#### Directions
In the material below, print every line exactly and omit the pictures.

#### Given information
━━━━━━━━━━
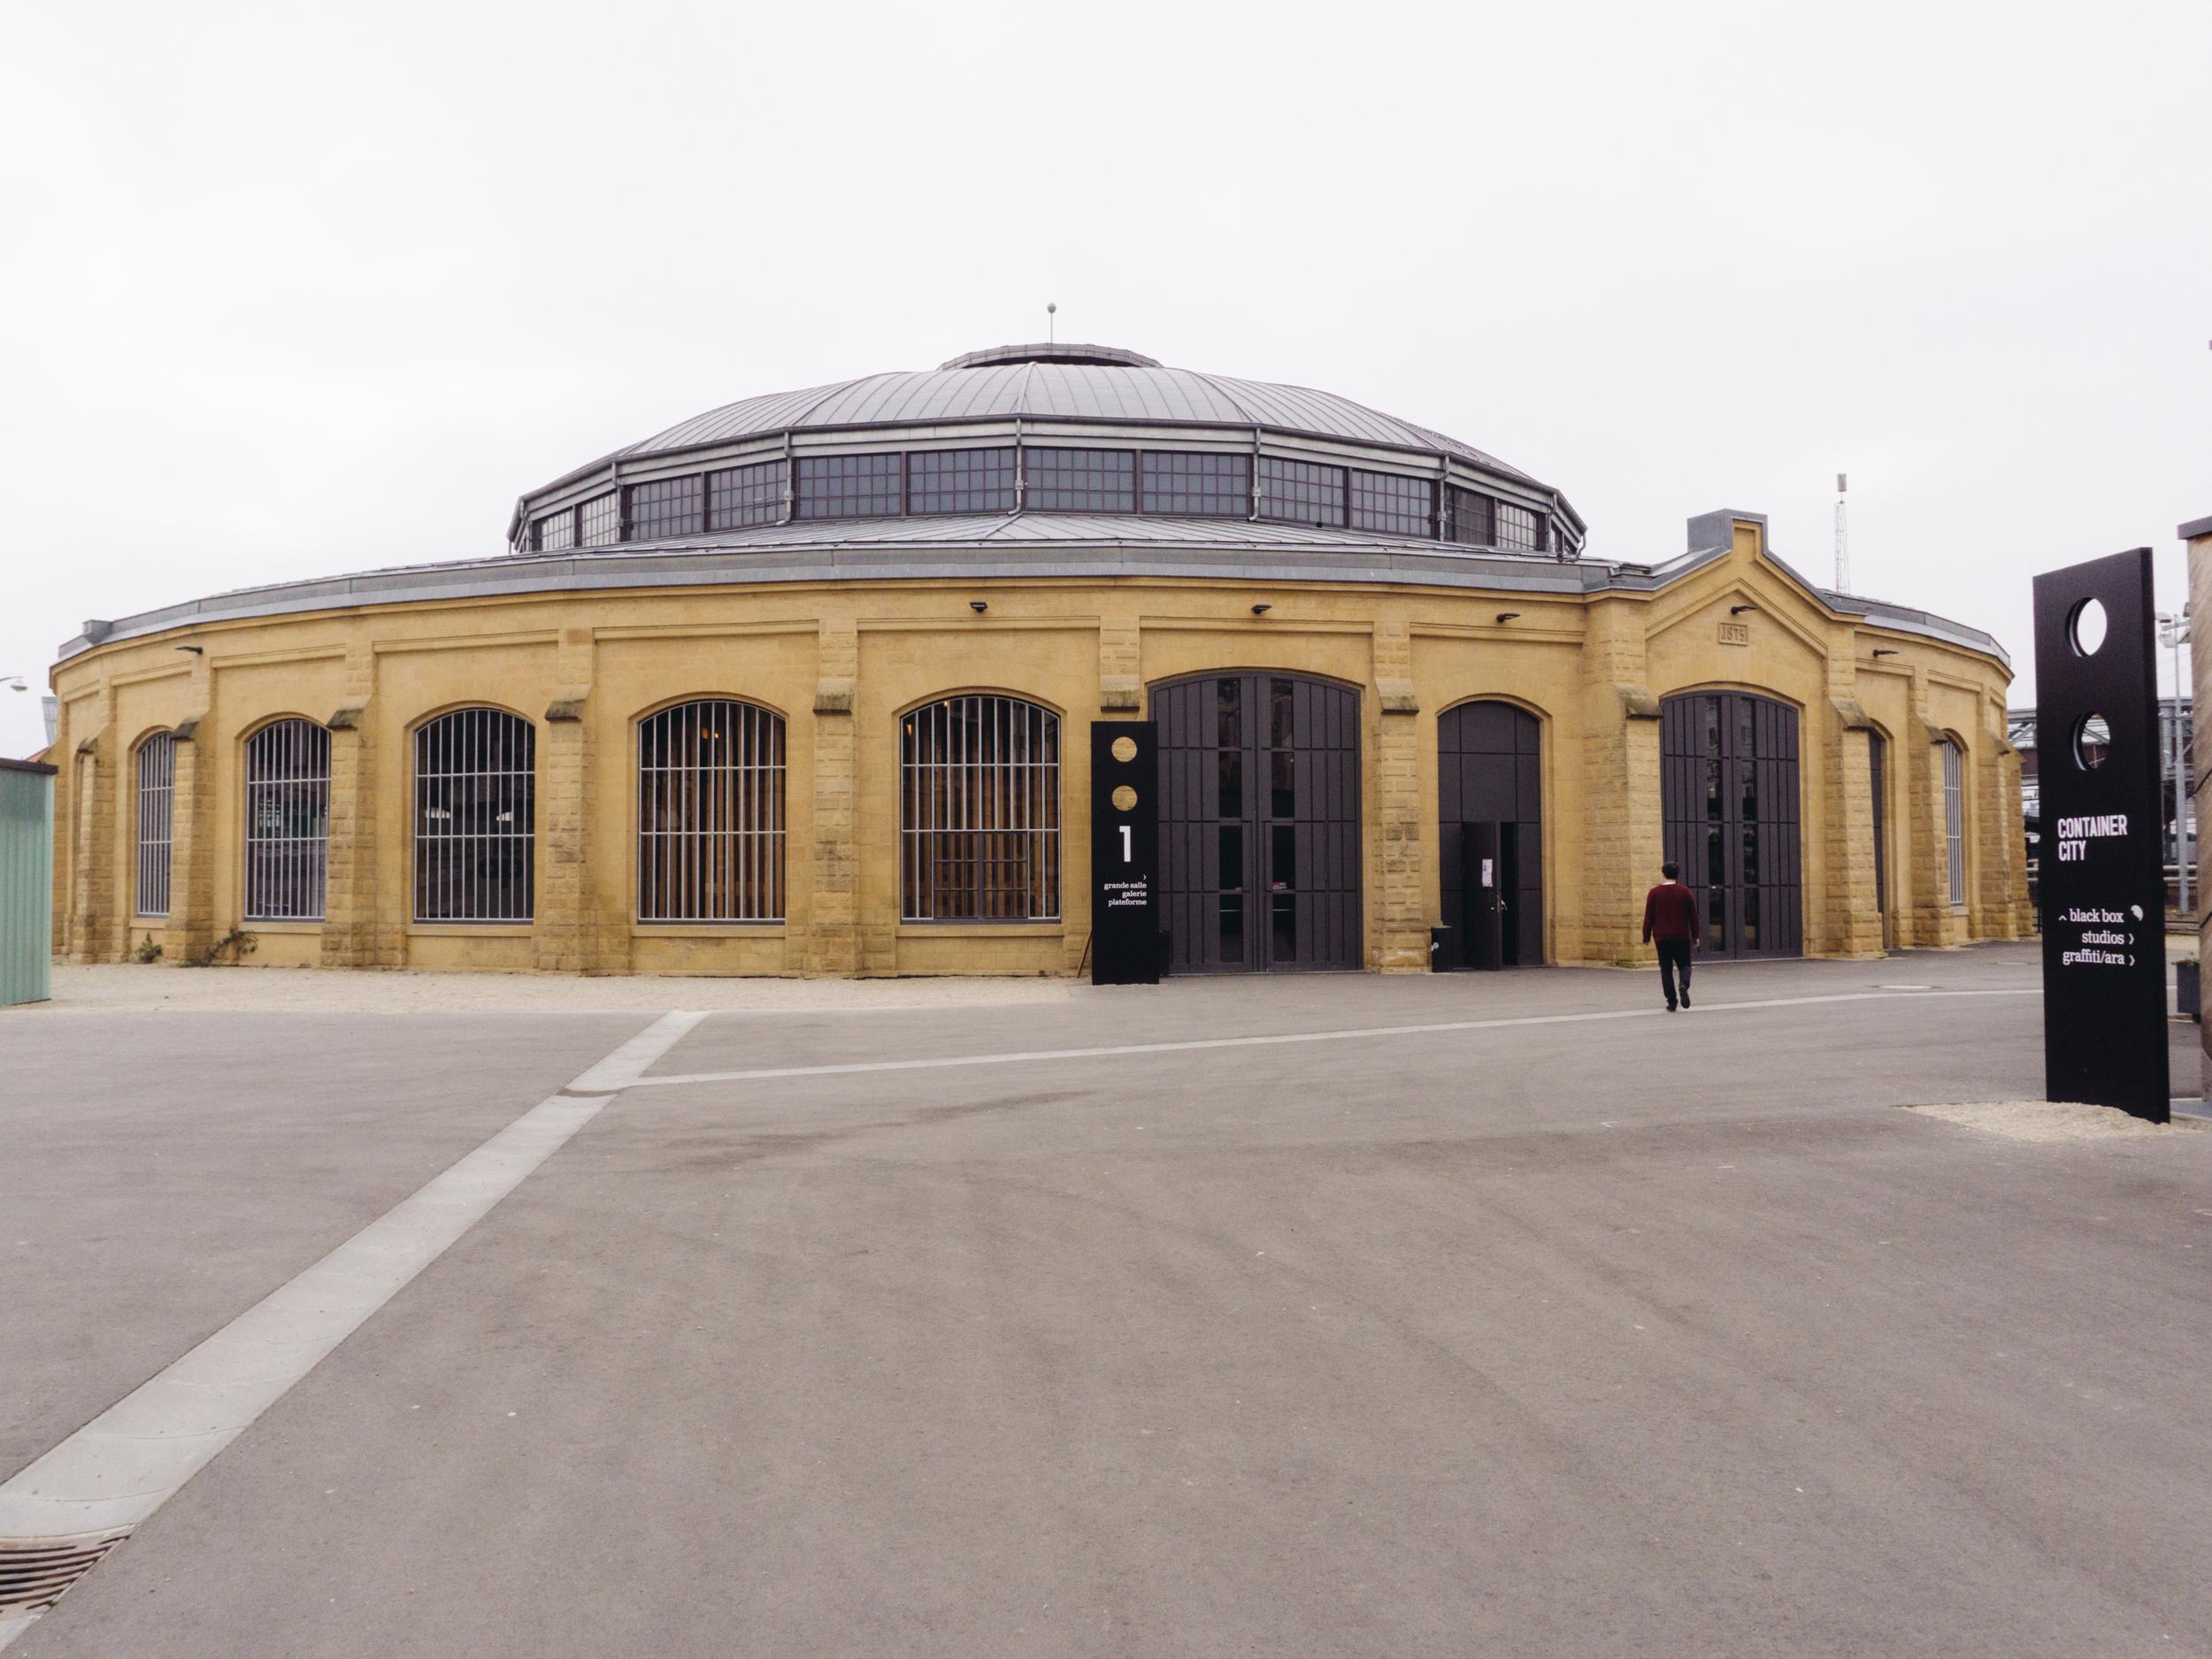 Centre de création artistique les Rotondes , donde realizamos el evento.
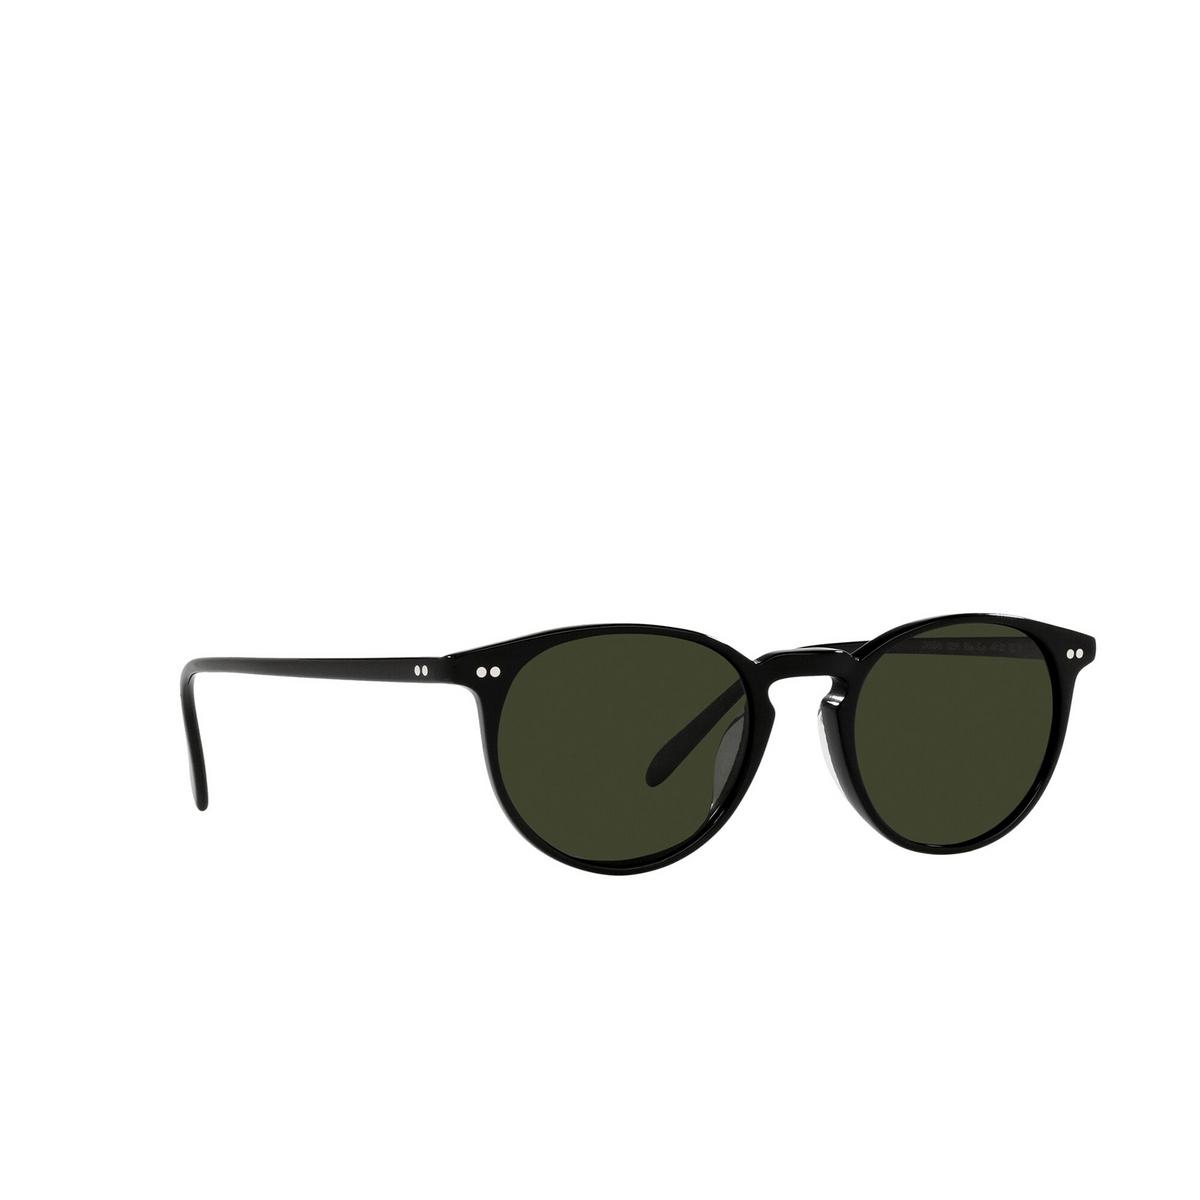 Oliver Peoples® Round Sunglasses: Riley Sun OV5004SU color Black 1005P1 - three-quarters view.
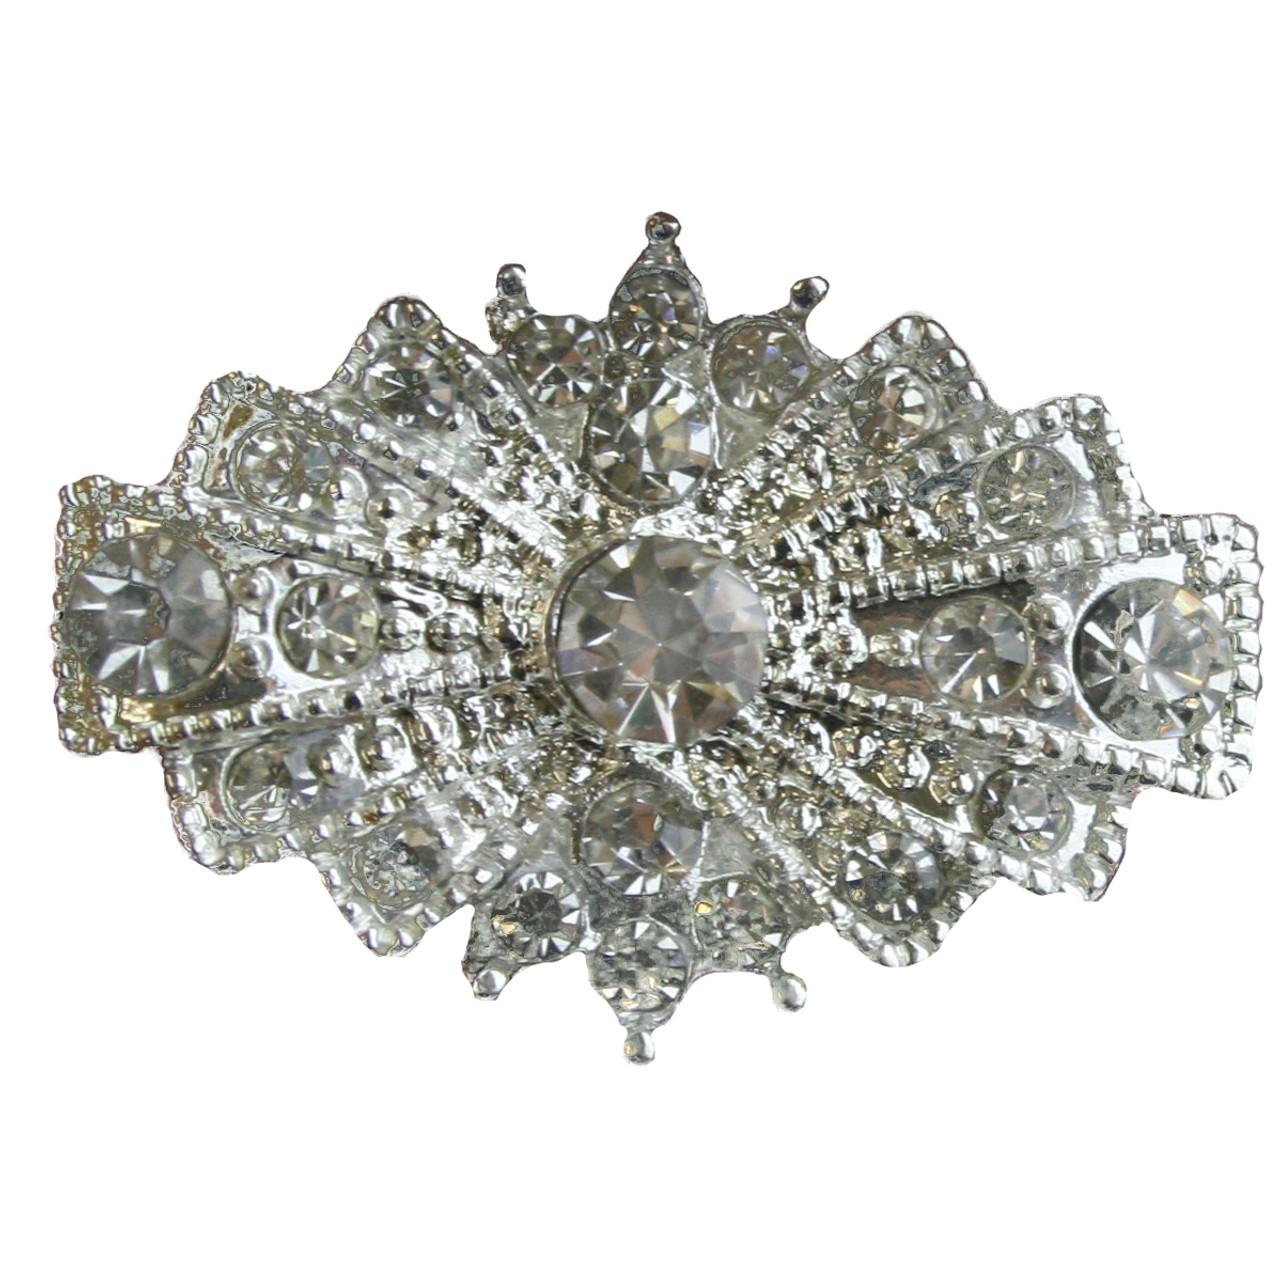 3705ee908c1 3 pcs ART DECO Flatback Style Rhinestone Embellishment Vintage Wedding  Bridal Accessories Invitations Crystal Bouquet Hair Clip Jewelry Button  Brooch ...
━━━━━━━━━━
#### Exercise answer
 Centre de création artistique les Rotondes , donde realizamos el evento.
 Oliver Peoples® Round Sunglasses: Riley Sun OV5004SU color Black 1005P1 - three-quarters view.
 3705ee908c1 3 pcs ART DECO Flatback Style Rhinestone Embellishment Vintage Wedding  Bridal Accessories Invitations Crystal Bouquet Hair Clip Jewelry Button  Brooch ...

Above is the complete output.